First, the outer layer part uses the polypropylene resin which has melting | fusing point of 145 degreeC or more as mentioned above. Specifically, the polypropylene resin may be used a homopolypropylene, a polypropylene copolymer and mixtures thereof, and the like may be used in the form of a random copolymer, a block copolymer or a graft copolymer. If melting | fusing point of polypropylene resin is less than 145 degreeC, target heat resistance cannot be satisfied. The thickness of the outer layer portion is in the range of 5 to 25% with respect to the total thickness of the film, preferably 10 to 20%. At this time, if the thickness is less than 5%, the heat resistance during heat fusion is insufficient to crush, film shrinkage, mechanical properties as well as the appearance is poor, if more than 25%, the overall flexibility of the film is reduced. In addition, when the melt index of the polypropylene resin is in the range of 0.5 to 15, it is good, but when the melt index is less than 0.5, it is difficult to mold, and when it exceeds 15, physical properties such as impact properties are lowered.

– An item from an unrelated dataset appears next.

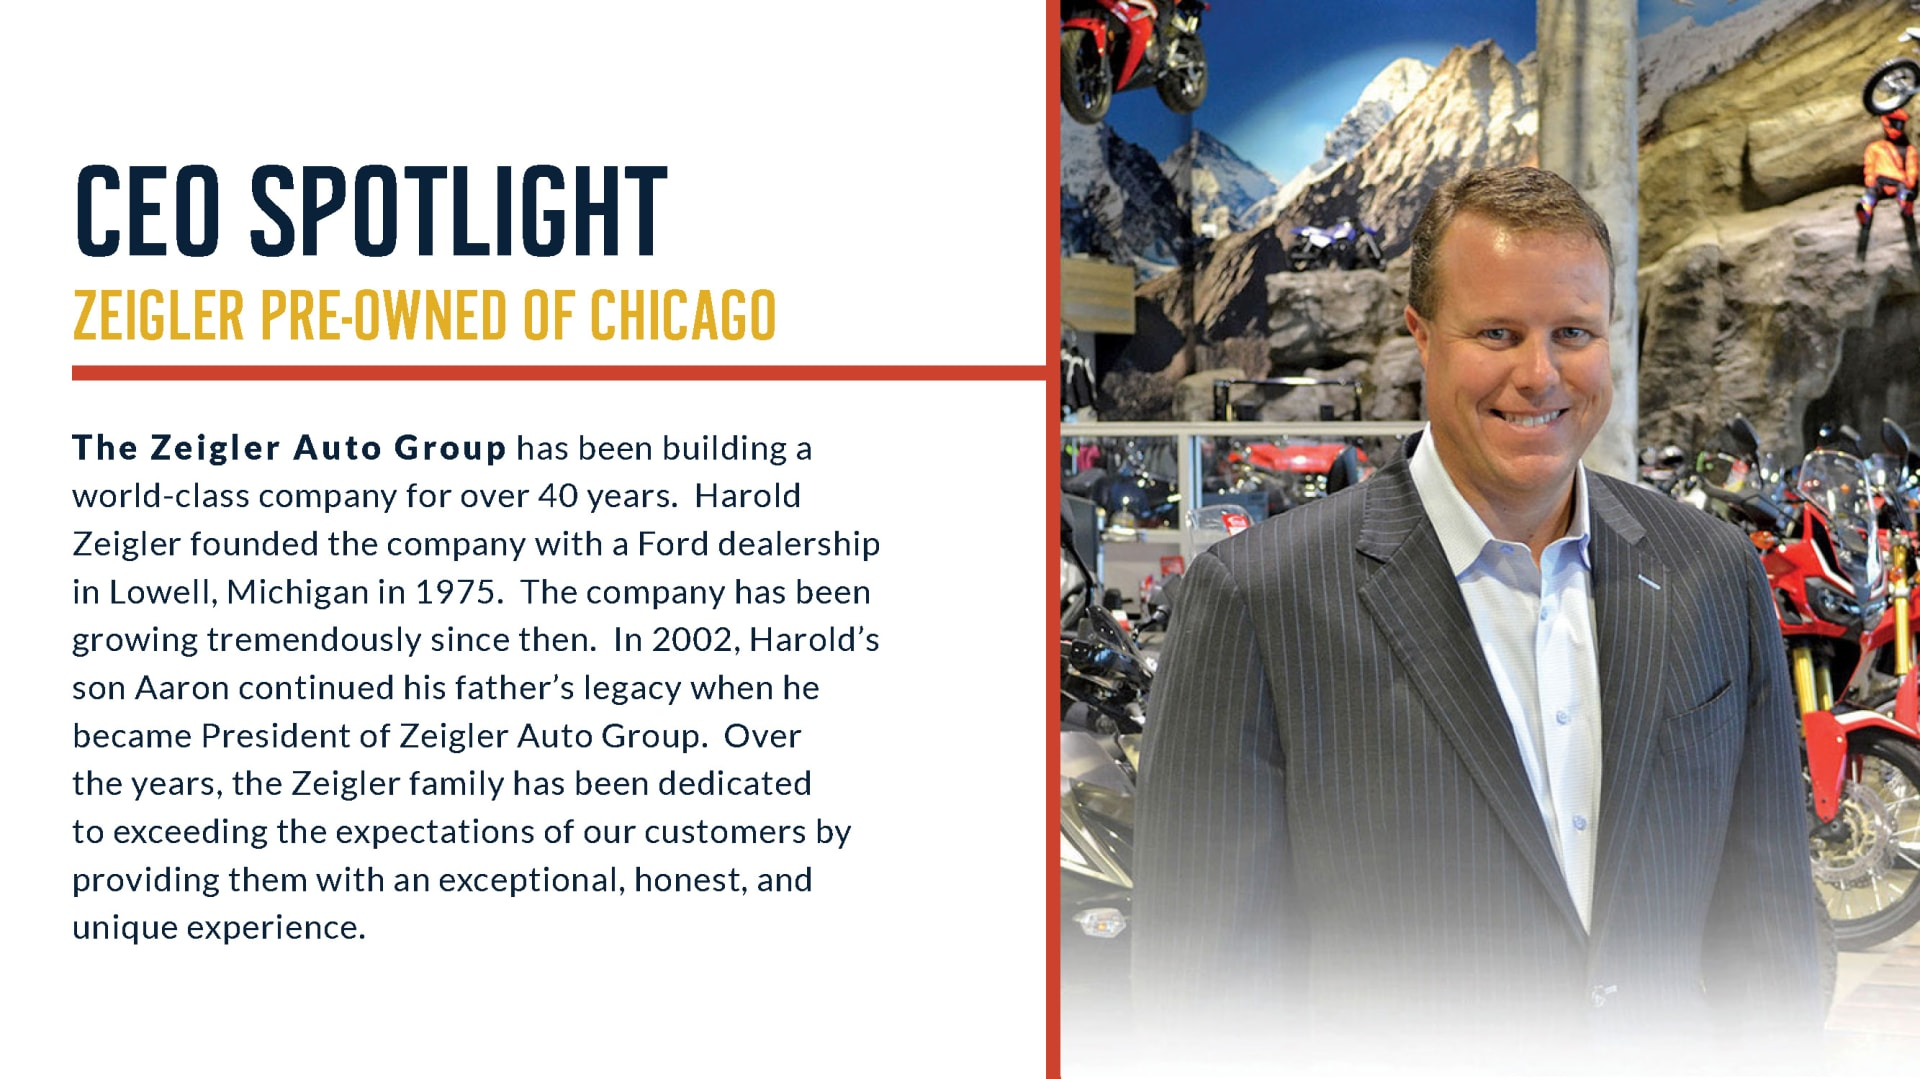 CEO-Spotlights-2020_Page_7-w1920.jpg

Next, the inner layer portion of the film of the present invention uses a polyethylene resin having a melting point in the range of 125 to 130 ℃. As said polyethylene-type resin, low density polyethylene, linear low density polyethylene, an ethylene-alpha olefin copolymer, etc. can be used. In this case, the alpha olefin may be used in the range of 3 to 12 carbon atoms, specifically, propylene, 1-butene, 1-pentene, 1-hexene, 4-methyl-1-pentene, 1-heptene, 1-octene , 1-nonene, 1-decene, 1-undecene, 1-dodecene and the like can be used. If the melting point is less than 125 ℃ blocking due to inter-film blocking may be poor in the opening and filling process, and the problem of poor transparency due to deformation or recrystallization of the pouch due to lack of heat resistance during high temperature sterilization, When melting | fusing point exceeds 130 degreeC, impact resistance will worsen because of lack of flexibility. In addition, by selecting and using a resin excellent in adhesion with the polypropylene resin used as the outer layer portion, the object of the present invention can be preferably achieved. Among the polyethylene resins, the polymer having a density in the range of 0.90 to 0.950 g / cm 3 exhibits good effects when applied to the film of the present invention because of its excellent heat resistance and flexibility.

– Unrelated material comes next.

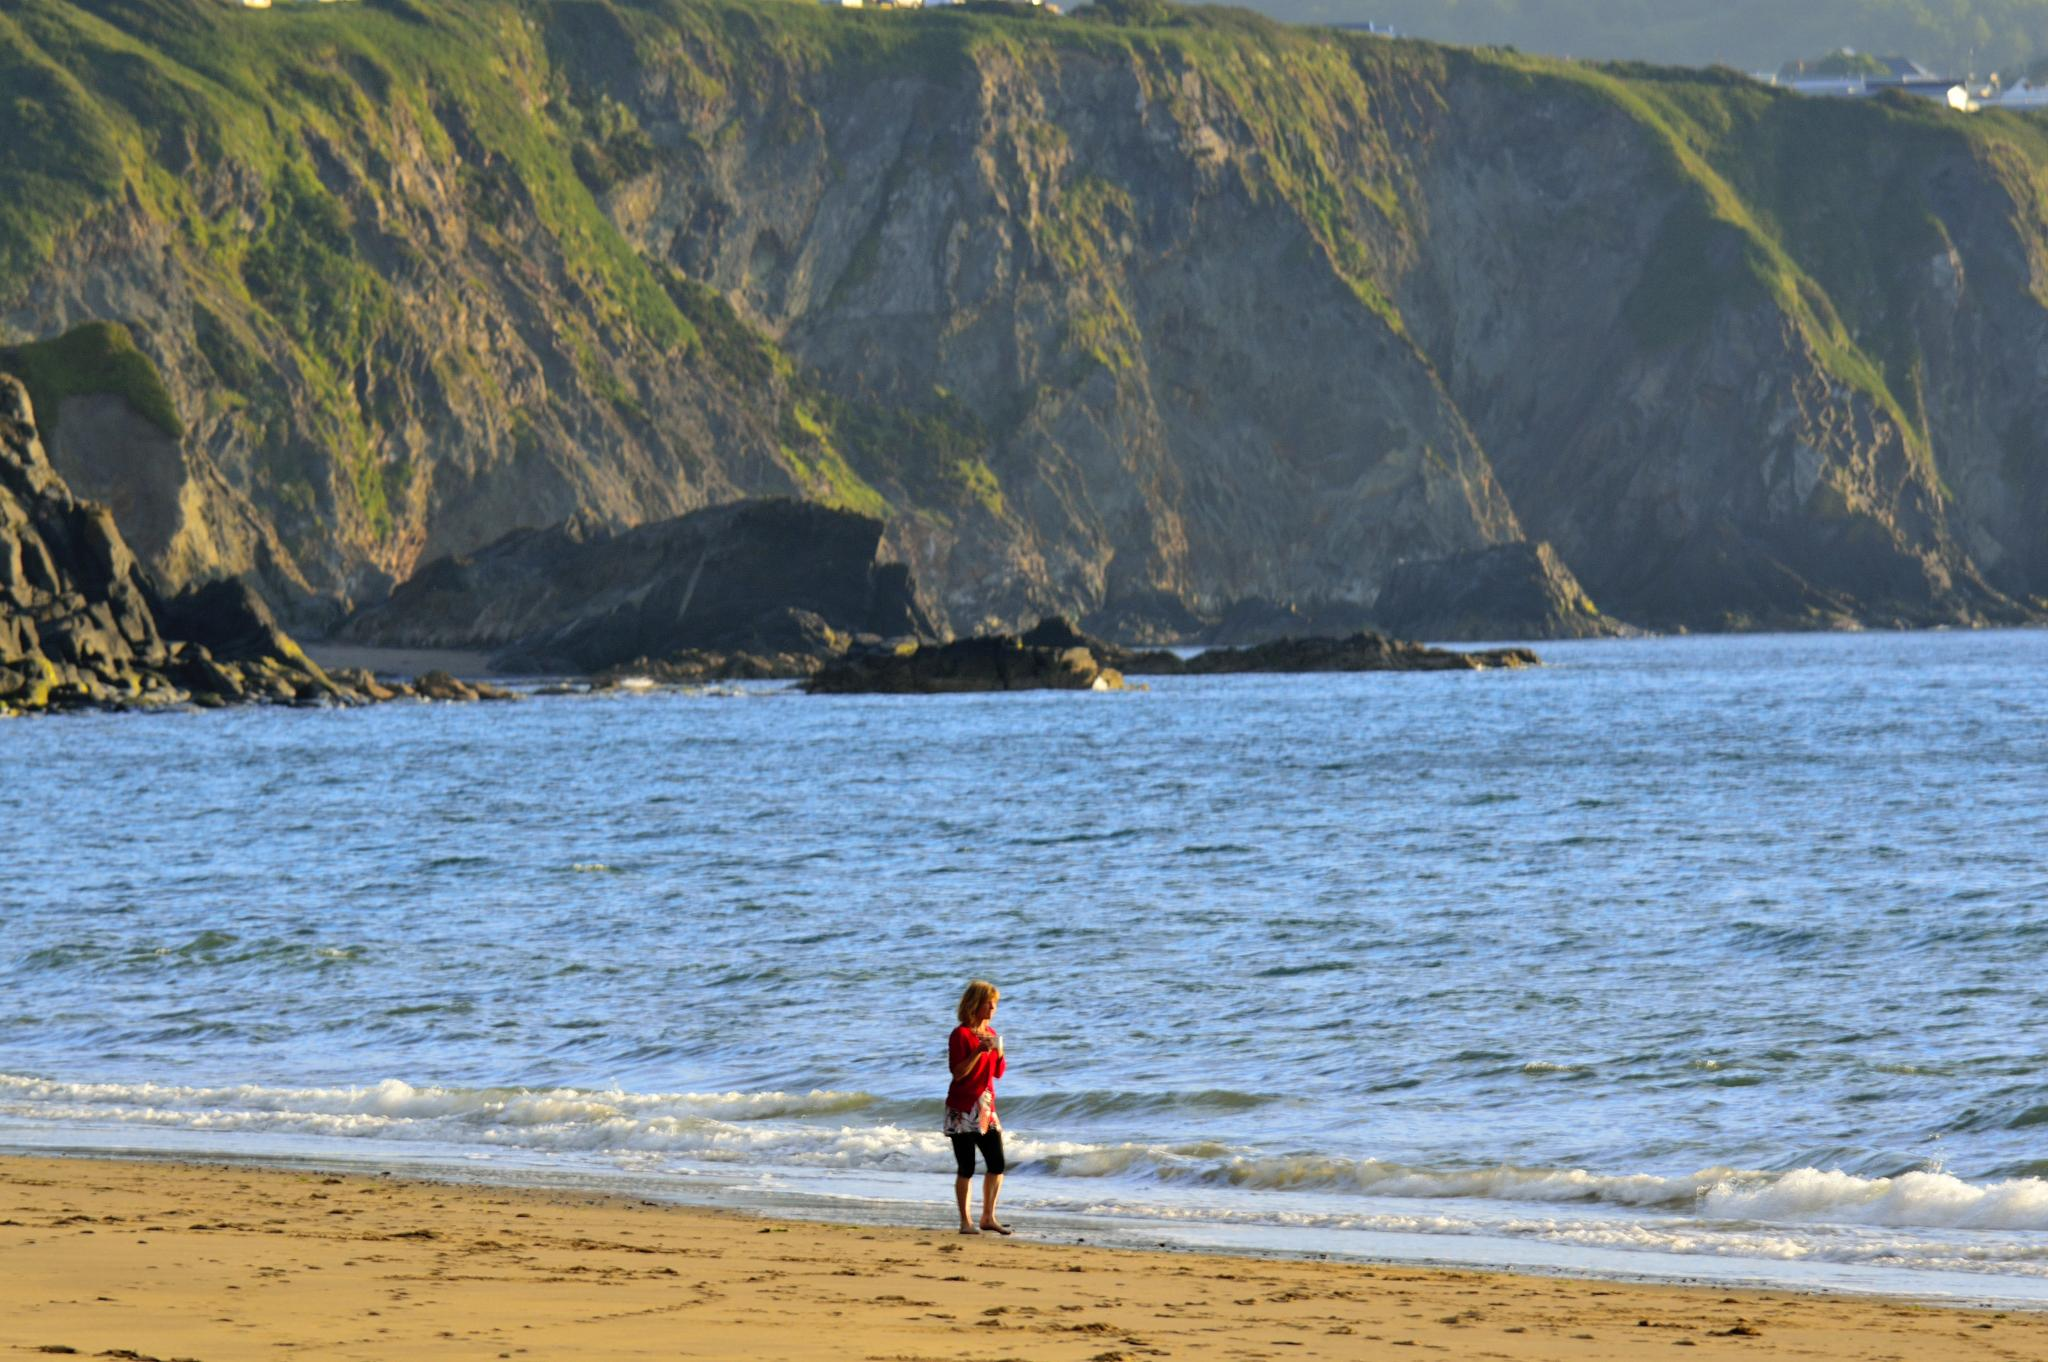 Penbryn Beach by dannie843evans

Such an inner layer may be composed of a single layer or an intermediate layer and an inner layer of two layers, and when composed of a single layer, it is possible to maximize economic benefits due to manufacturing simplification. When the resin having excellent low melting point and adhesiveness is thickly applied to the intermediate layer, impact and bursting can be prevented. Preferably, the thickness of the inner layer (sealing layer) is in the range of 10 to 30% of the total film thickness. Even when the inner layer part is composed of two layers, the resins constituting the intermediate layer and the inner layer are not used in combination, but the transparency of the final film produced by applying a single resin is not reduced.

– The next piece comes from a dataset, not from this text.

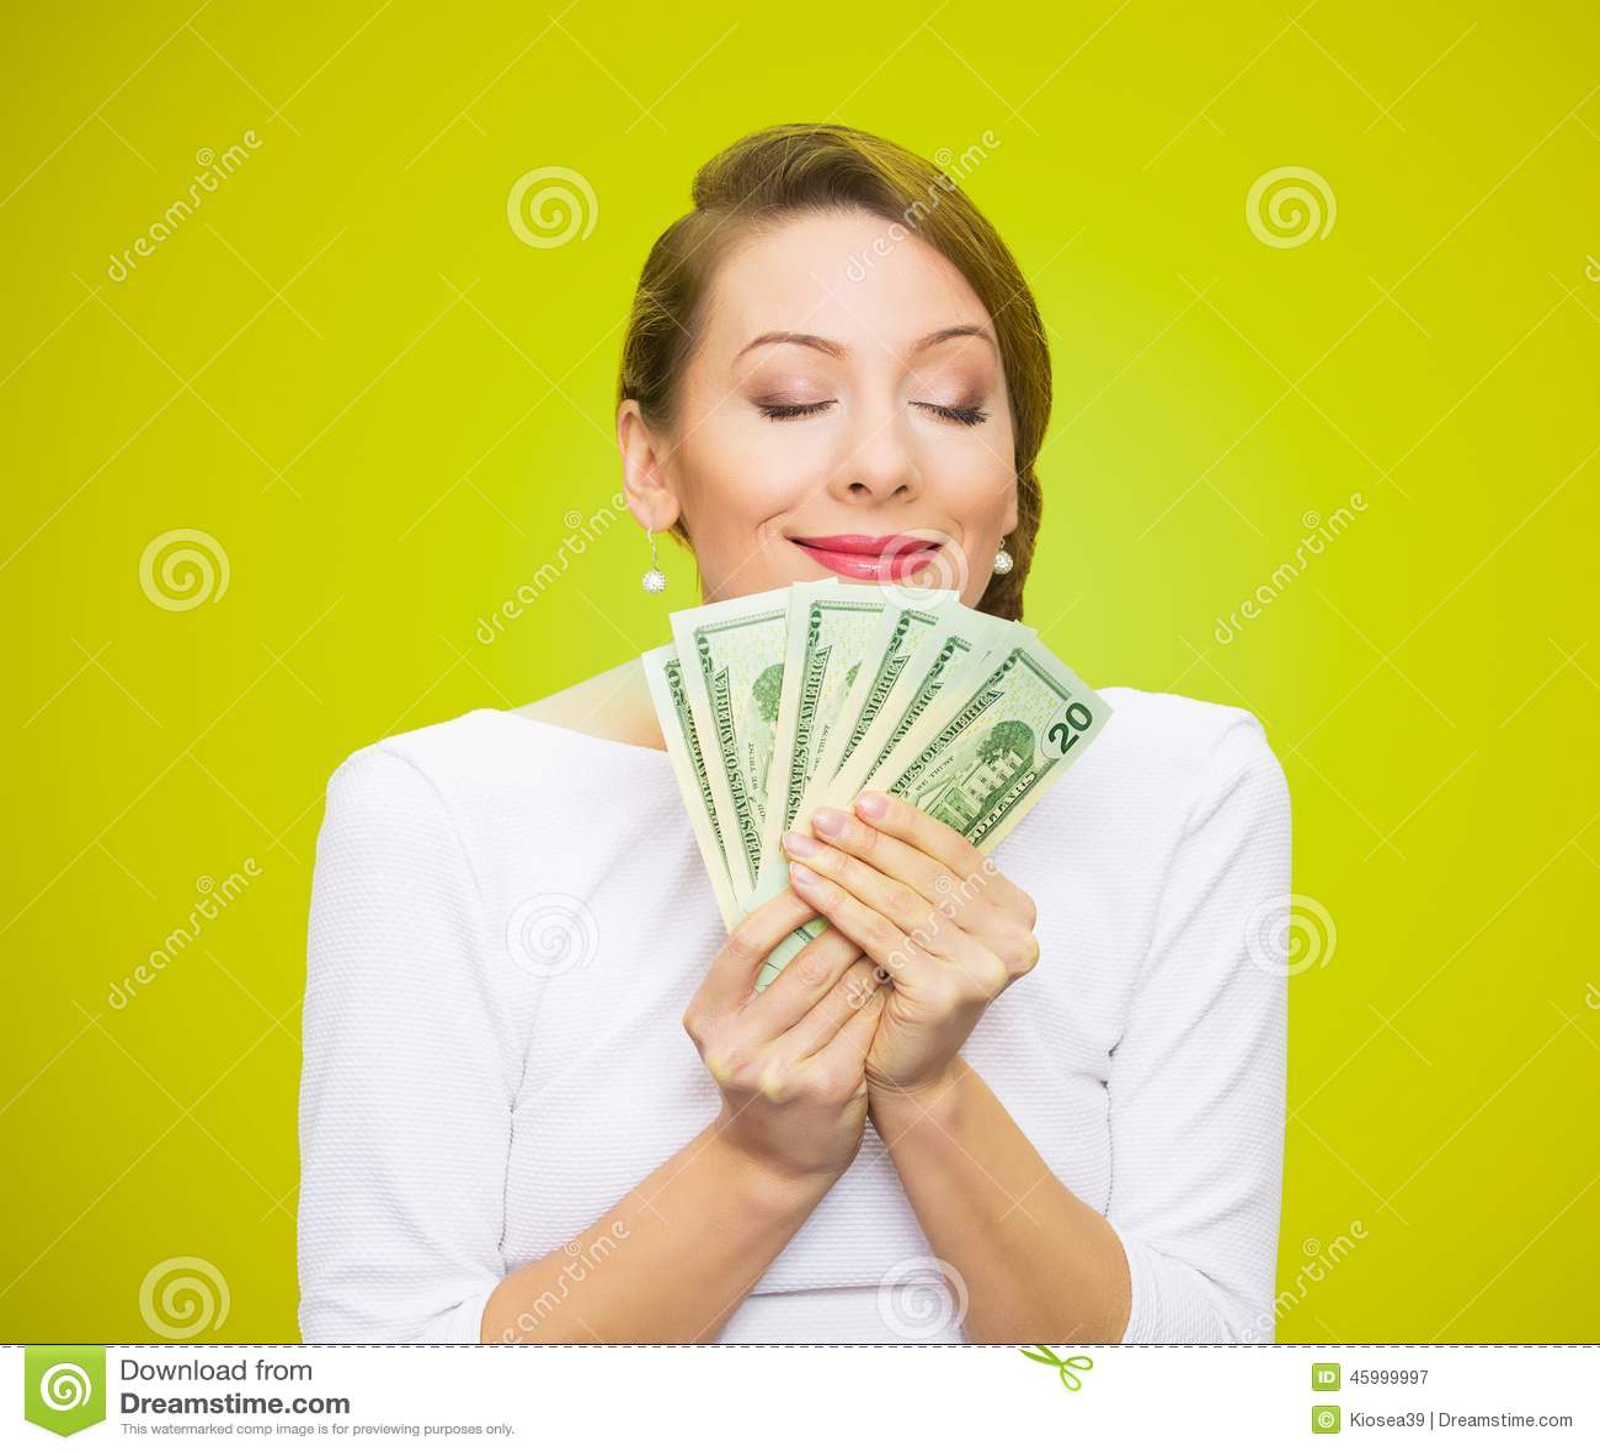 Woman loves money

The film of the present invention having the above characteristics can be produced by a casting method of forming a cooling roll through a T-die, an inflation method of forming by water cooling through a circular die, etc. However, if the inflation method is applied, the transparency and flexibility of the produced film are much better than the T-die method, and since it is wound in two layers, there is no possibility of mixing foreign substances in the inner layer, which is hygienic and convenience of work. It is preferred.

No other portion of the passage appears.